I guess you can say I am a weather junkie.
I have been glued to the weather channel on this most historic night. I watched reports that this is the most tornado activity ever recorded in one night – ever. The bottom of the screen flashed warnings at us for about 3 hours straight. When it started including warnings of sightings of “clouds with slight rotations,” I really started to freak.
There was even a tornado watch here in Western New York. This never happens. So, when the sky turned black and the winds picked up, I could have sworn I saw an unusual white vertical cloud above the trees, just in the horizon. Then, the rain fell horizontally and it looked like a sandstorm of rain, I can’t describe it. But it was very weird. So, with dinner half eaten, I ordered the kids into the basement. I bet my daughter is texting all her friends about her crazy mom right about now.
It seems the worst has passed. A few leaks in the kitchen roof, but no other damage.
But, the storm produced – a poem, by my youngest.
Here it is:It’s raining. It’s pouring. The lightening is roaring The angels are bowling The bowling balls are rolling The flashing long, flying lightening worm in the sky A baby giant in its dark, cloudy blanket Trying not to burst out in raining tears and cry.
Where were you on this dark and stormy night?
The title of this post is somewhat inaccurate. Because Rochester is not the country, it is a city. But it is not New York City. And calling this post “Former City Mouse living in Small City visits Big City Mouse,” just doesn’t have the same ring to it.
Whenever I go back “home” to the New York Metro area, I make my best effort to try to break away from both sides of the family to see at least one friend from my past life. This is not easy. There is first the six to seven-hour drive back to New York, crammed with kids and DVDs and suitcases, snacks and backpacks. Then the juggling of arrangements with two families. Attempting to see friends who are flung all over the Metro area further complicates the logistics. Sometimes, when I come in, I don’t bother to get in touch with old friends. It’s not that I don’t want to see people, it is just a recipe for disappointment.

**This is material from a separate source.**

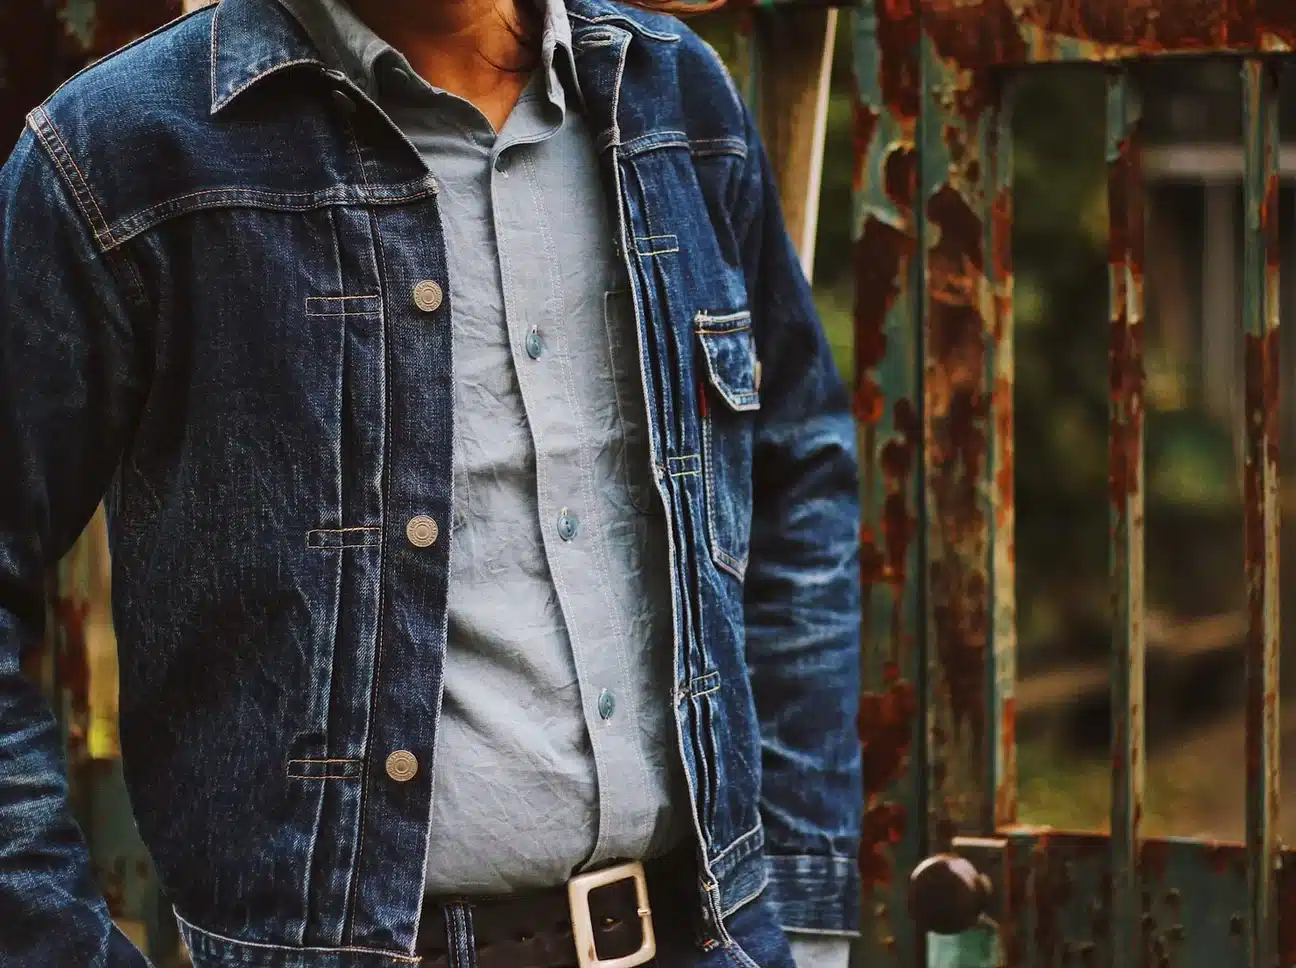 Buying Guide: Full Count Shirts and Jackets That's Made to Fade

But in the end, spending time with old friends is what my soul needs most. Even if the visit lasts no more than an hour or two.
So there I was this Passover, rushing out the door of my in-law’s house to catch a Long Island Railroad train meet a friend for lunch in the city.
Back before I was Transpantednorth, public transportation was a way of life. Now, we go most places by car and the only public transportation my kids know is the school bus.
What great material public transportation provides for the writer: people watching, eavesdropping. Time to think. Even on this trip, I had a great conversation with an older, retired CUNY professor about a Wall Street Journal article that discussed plans to turn the area around the Flatrion Building on 23rd St. into the country’s next high-tech “Silicon Alley.” That conversation led into a talk about the architect Frank Gehry with the professor and a mom sitting next to him who was taking her kids into the city to see The Adams Family on Broadway.
Sitting on a train affords you the opportunity to strike up such conversations with strangers. Would the same topics come up in the produce aisle at Wegmans? Probably not.
And after the LIRR, it was onto the NYC Subway. Ah, the subway! To this day, I always have a Metro Card somewhere in my wallet, though I am nowhere within commuting distance to even 242nd Street, the northernmost subway station. And, if I did still commute by subway, I am sure it would get old very fast. I now only ride a few times a year and it sends me reeling in nostalgia. Even the dank smell of the subway air, combined with the sounds of a musician playing a steel drum for a few coins or bills right there on the platform, makes me want to jump and scream for joy “Hey New York! I’m HOME!” And, if I know most New Yorkers, my outburst would barely bat a glance of attention. A true New Yorker rarely looks up from his newspaper — or now, his smartphone.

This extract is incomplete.